-- Information provided --
- - -

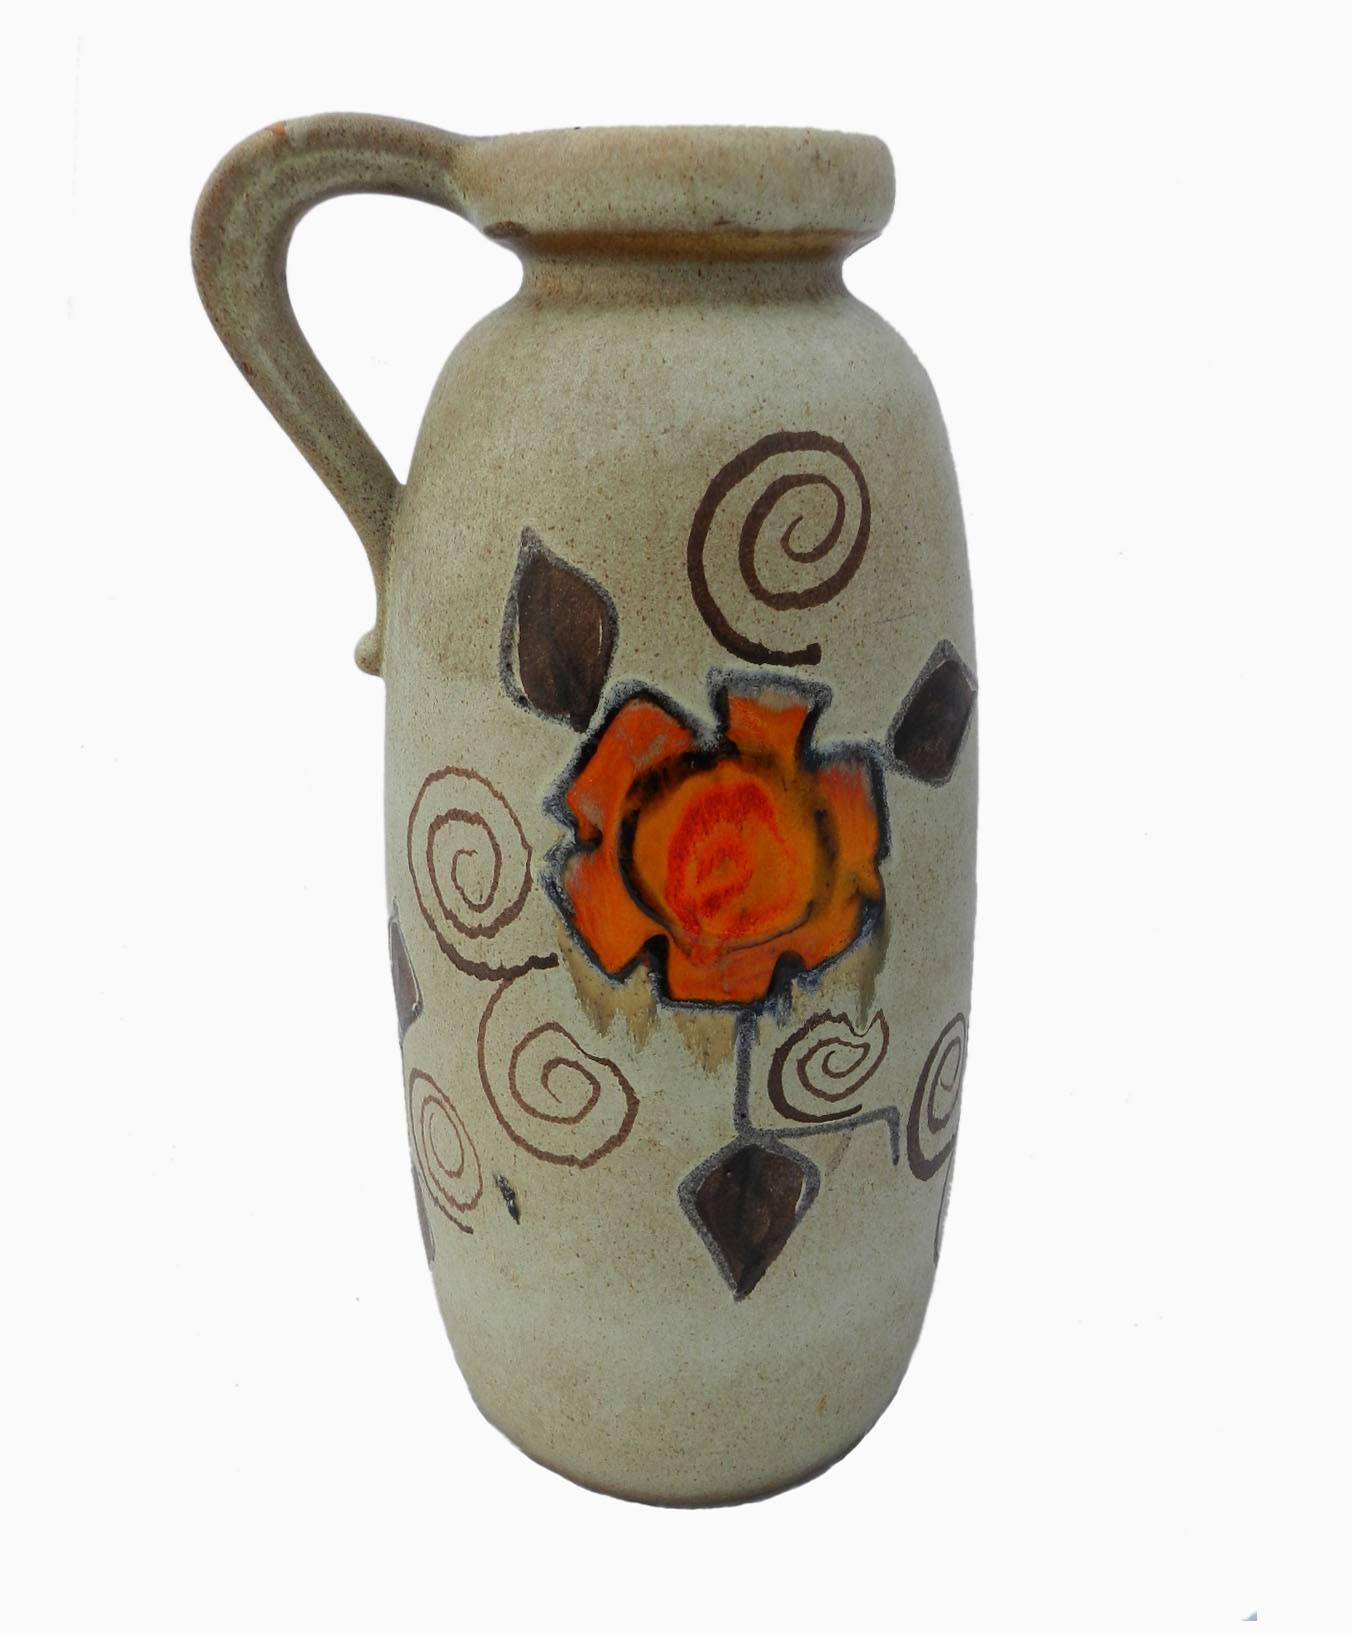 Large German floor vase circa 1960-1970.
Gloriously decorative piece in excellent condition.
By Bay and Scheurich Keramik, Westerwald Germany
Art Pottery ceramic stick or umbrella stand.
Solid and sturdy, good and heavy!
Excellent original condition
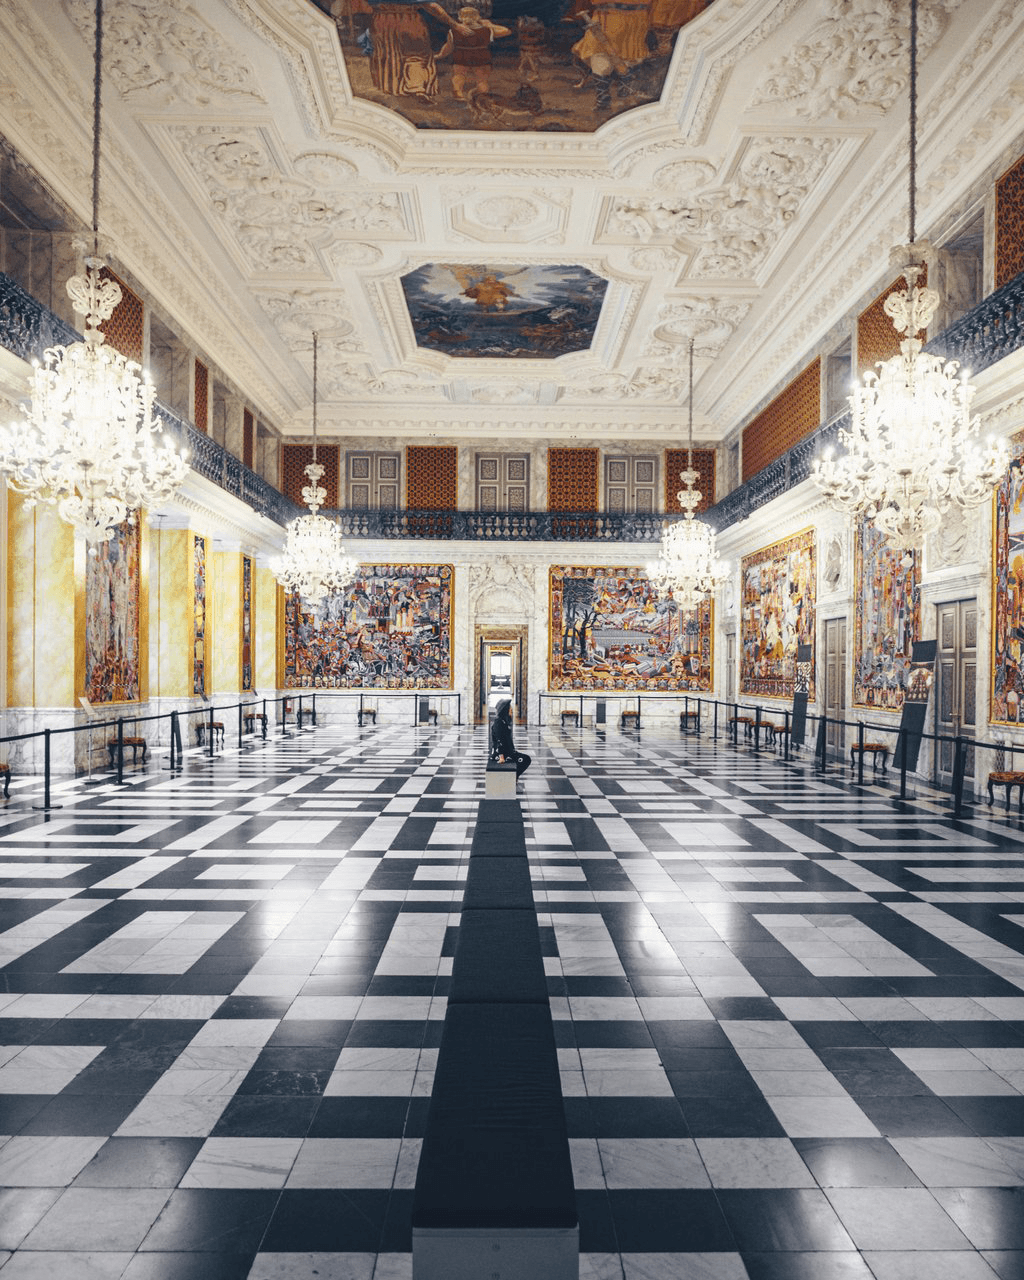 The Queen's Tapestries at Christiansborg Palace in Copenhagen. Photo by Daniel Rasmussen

- - -

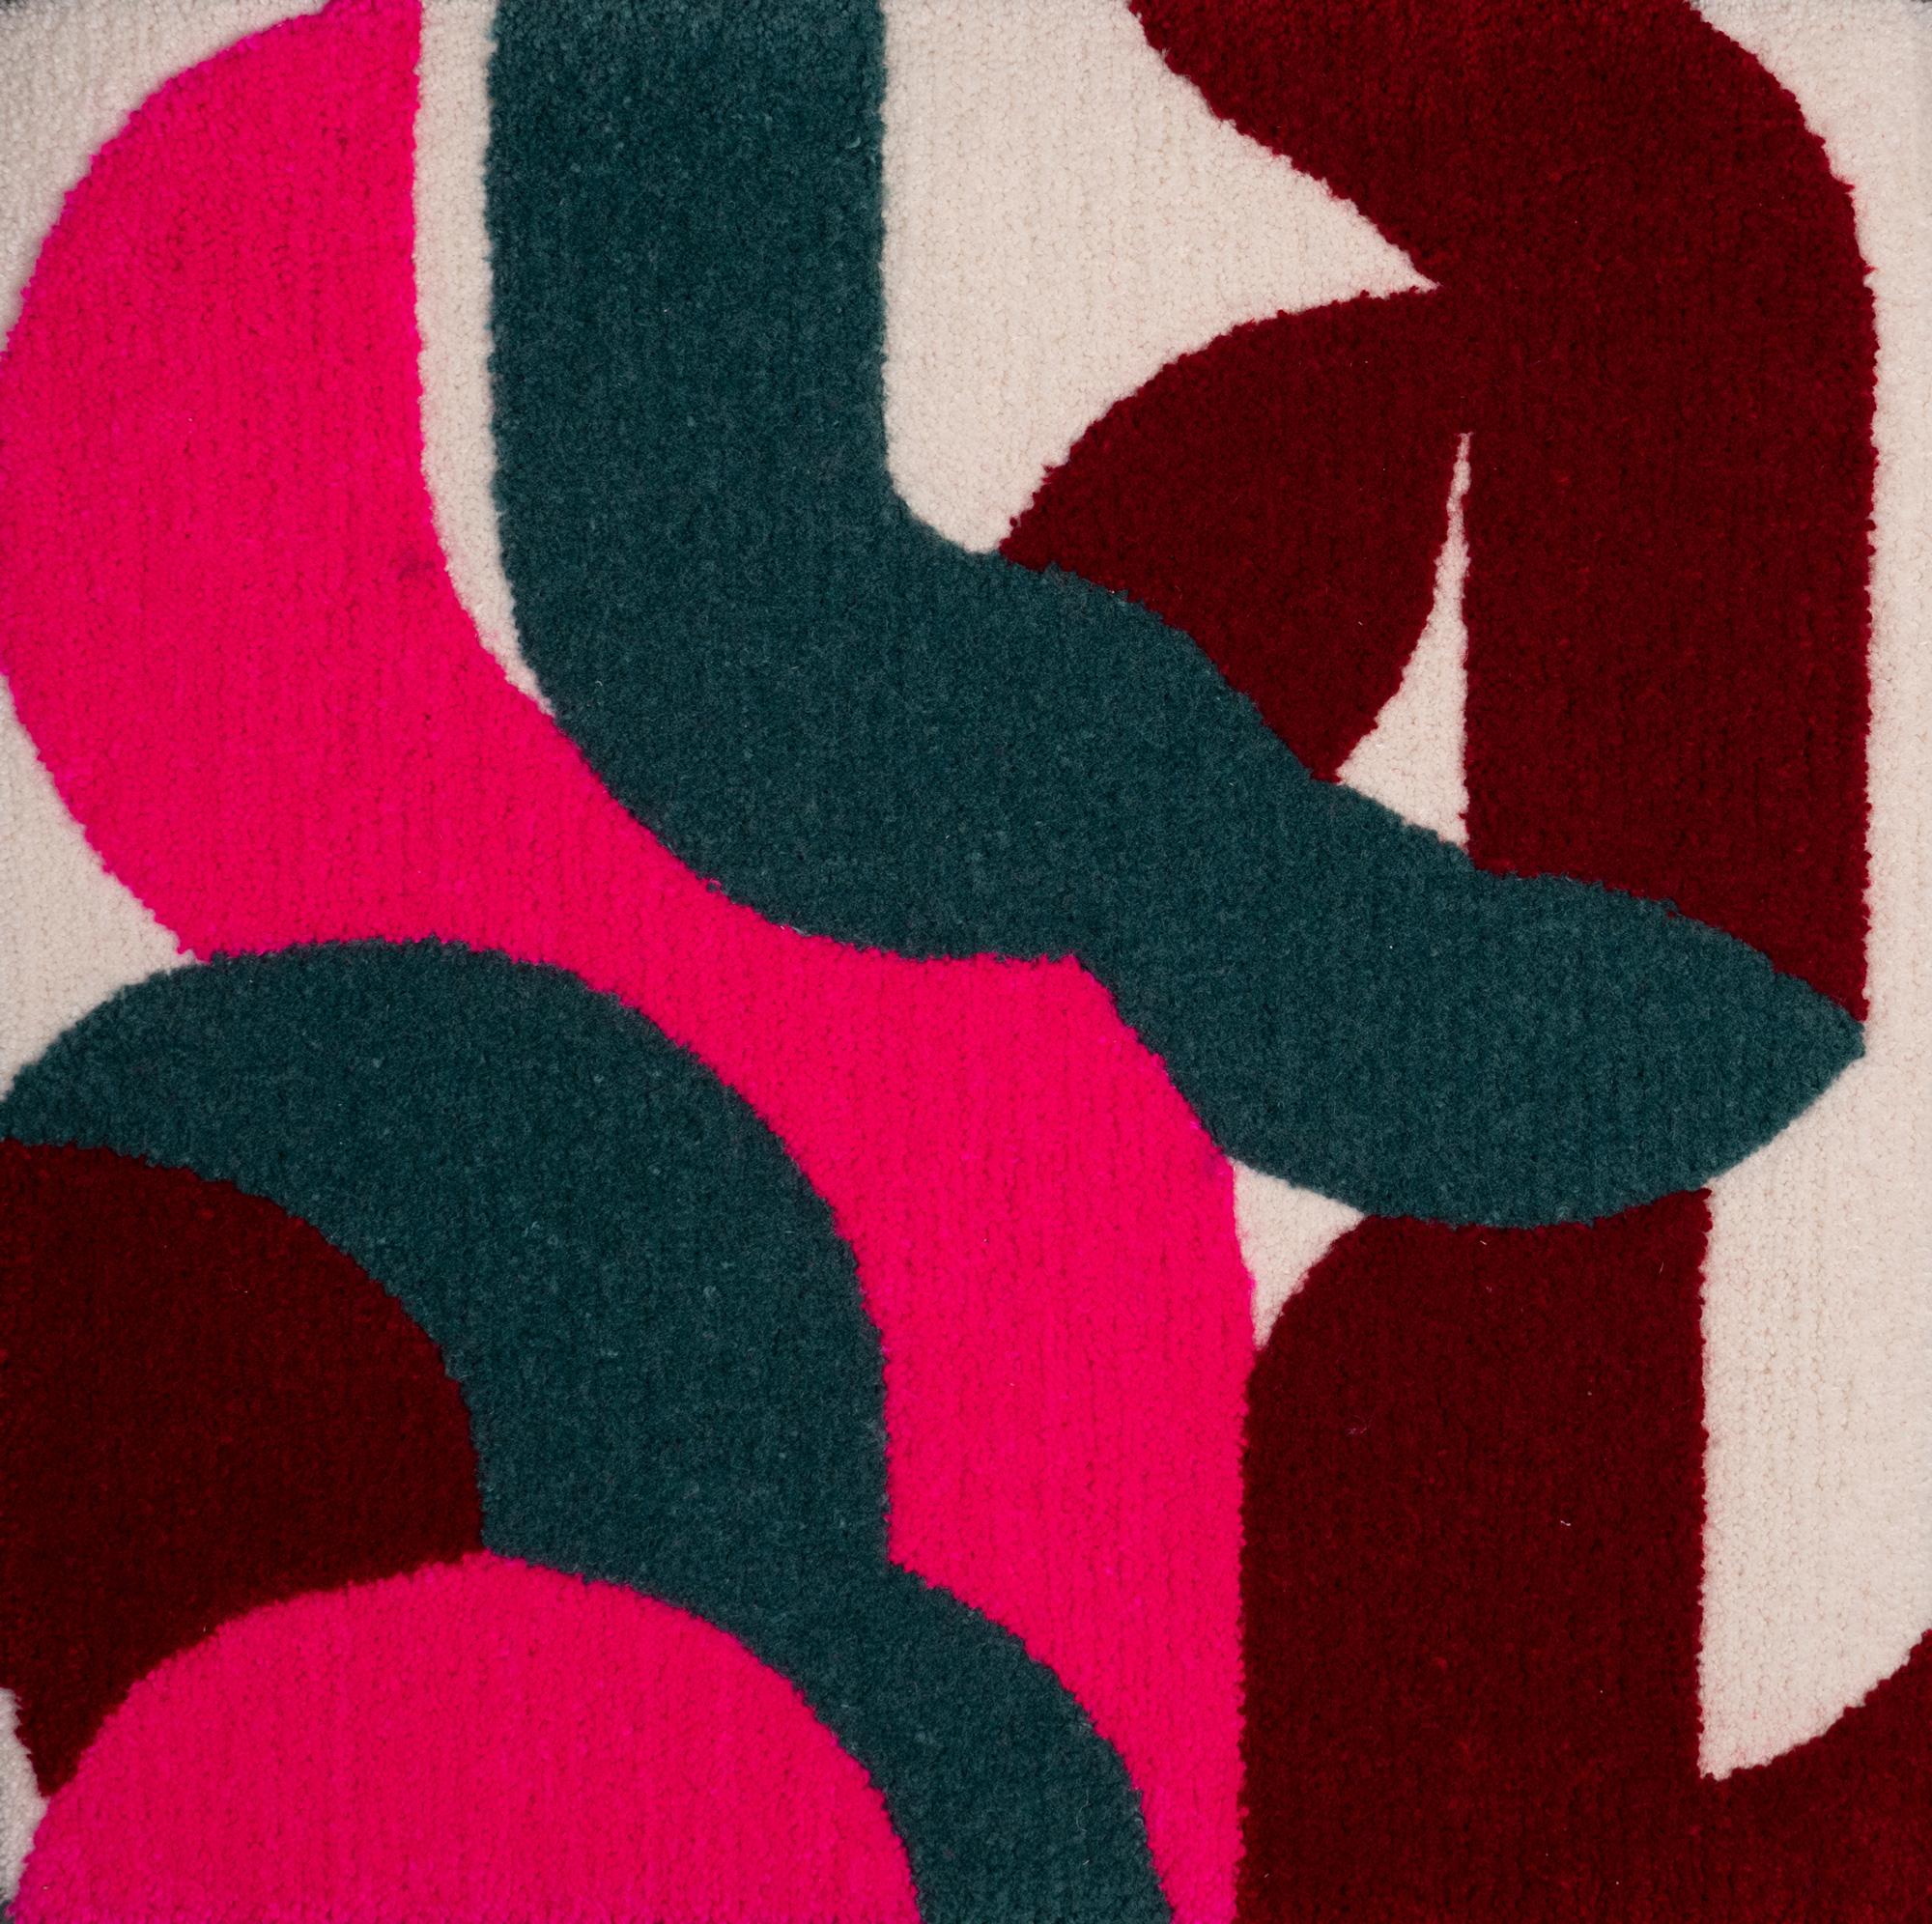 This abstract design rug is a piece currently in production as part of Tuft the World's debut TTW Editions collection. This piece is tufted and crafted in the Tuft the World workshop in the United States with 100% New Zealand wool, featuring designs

- - -

-- What to do --
Tell how many lines of the listing above contain "condition", giving the number alone.

-- Problem solution --
2